Problem statement: Only the pictures should be left out; write out all other data exactly.

The data:
_____
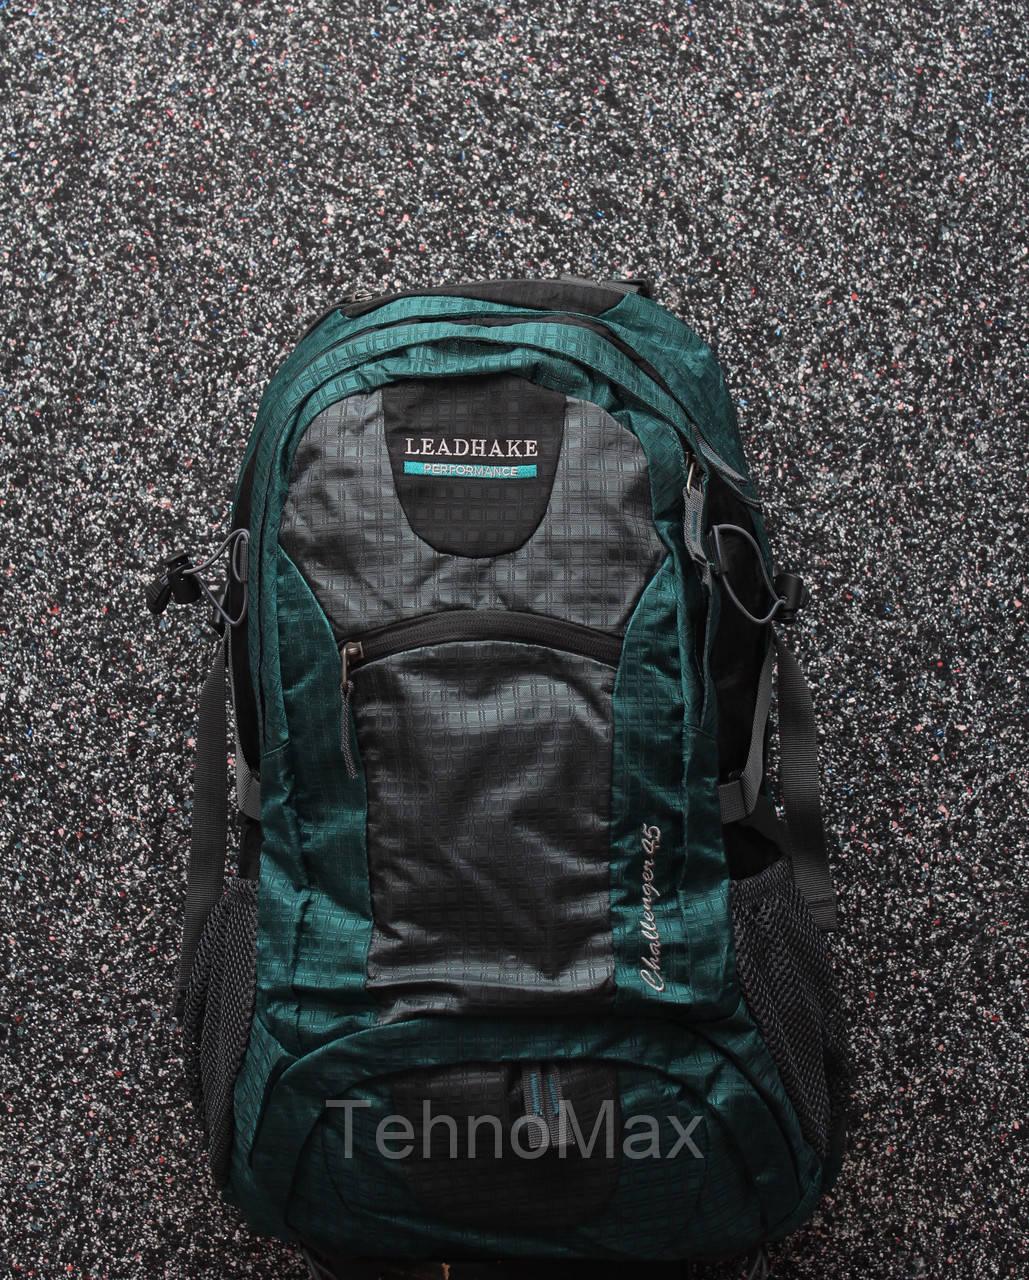 Туристичний дорожній рюкзак Lead Hake з металевим каркасом + дощовик / Туристический дорожный с металлическим
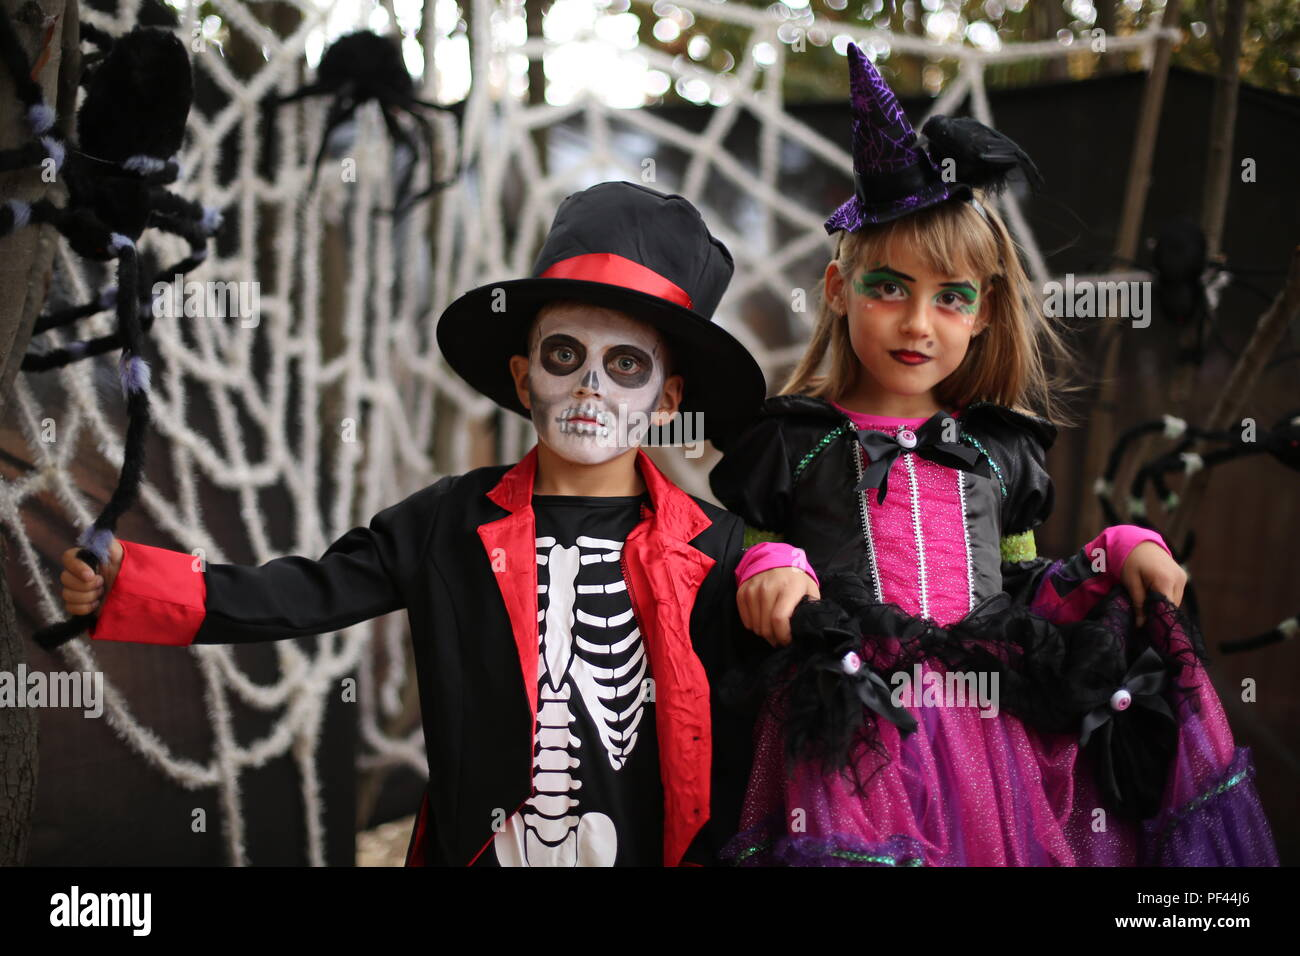 Halloween kids, Trick-or-treat. Les enfants porte costume de sorcière et squelette pour Halloween party Photo Stock
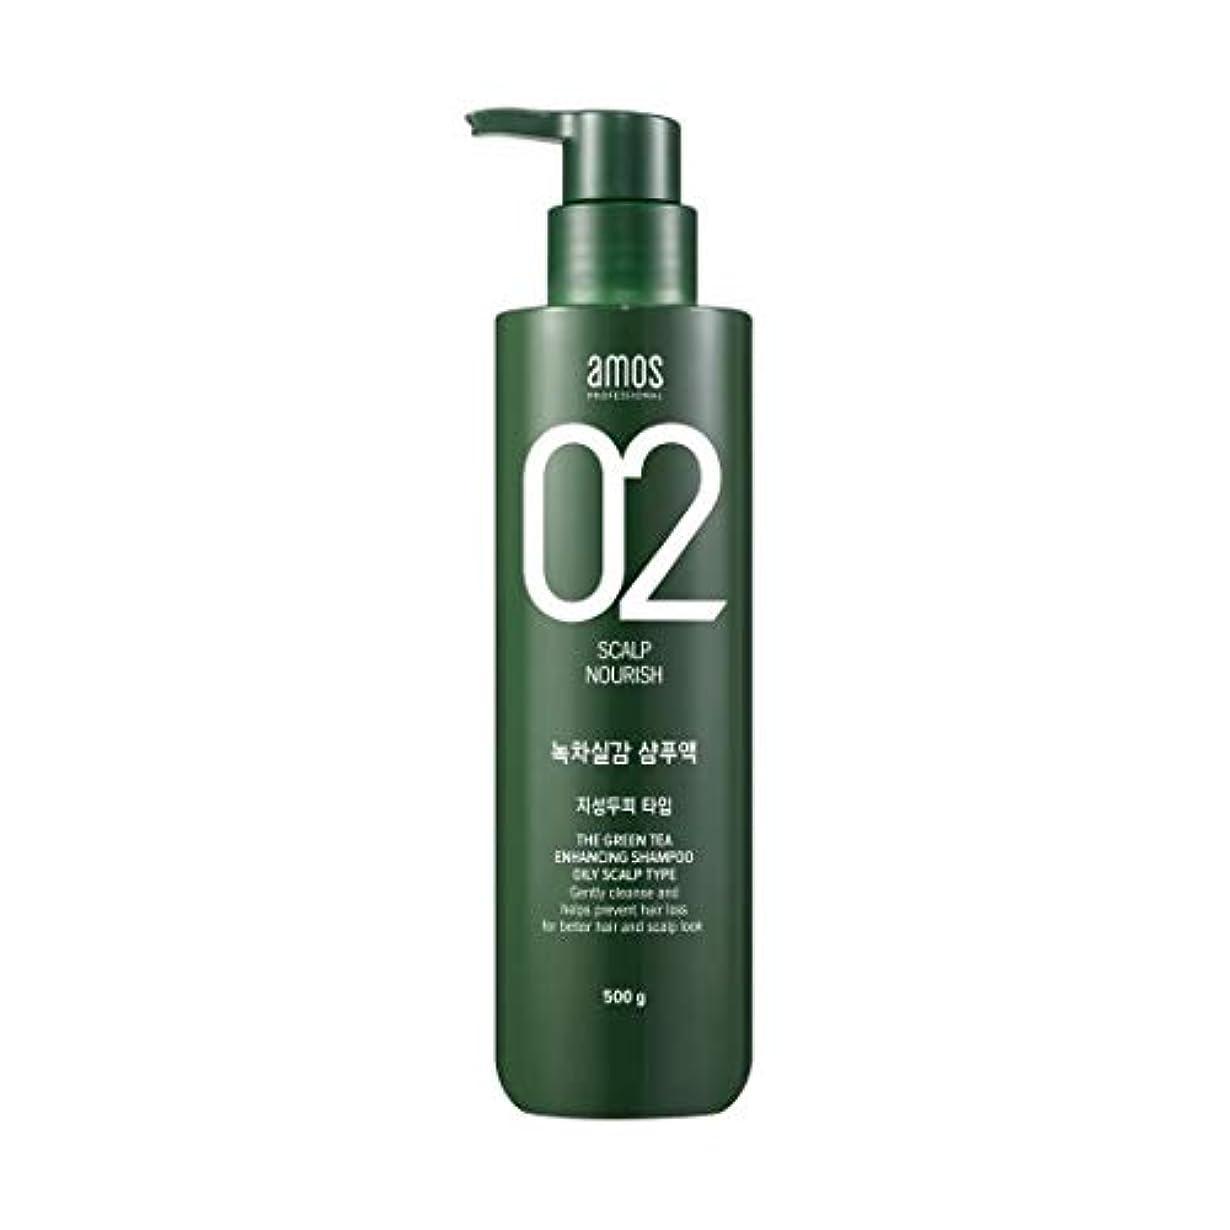 うまくやる()年金受給者摂動Amos Green Tea Enhancing Shampoo -Oily 500g / アモス ザ グリーンティー エンハンシング シャンプー # 脂性 オイリー スカルプタイプ [並行輸入品]
_____
Written response:
 Туристичний дорожній рюкзак Lead Hake з металевим каркасом + дощовик / Туристический дорожный с металлическим
 Halloween kids, Trick-or-treat. Les enfants porte costume de sorcière et squelette pour Halloween party Photo Stock
 うまくやる()年金受給者摂動Amos Green Tea Enhancing Shampoo -Oily 500g / アモス ザ グリーンティー エンハンシング シャンプー # 脂性 オイリー スカルプタイプ [並行輸入品]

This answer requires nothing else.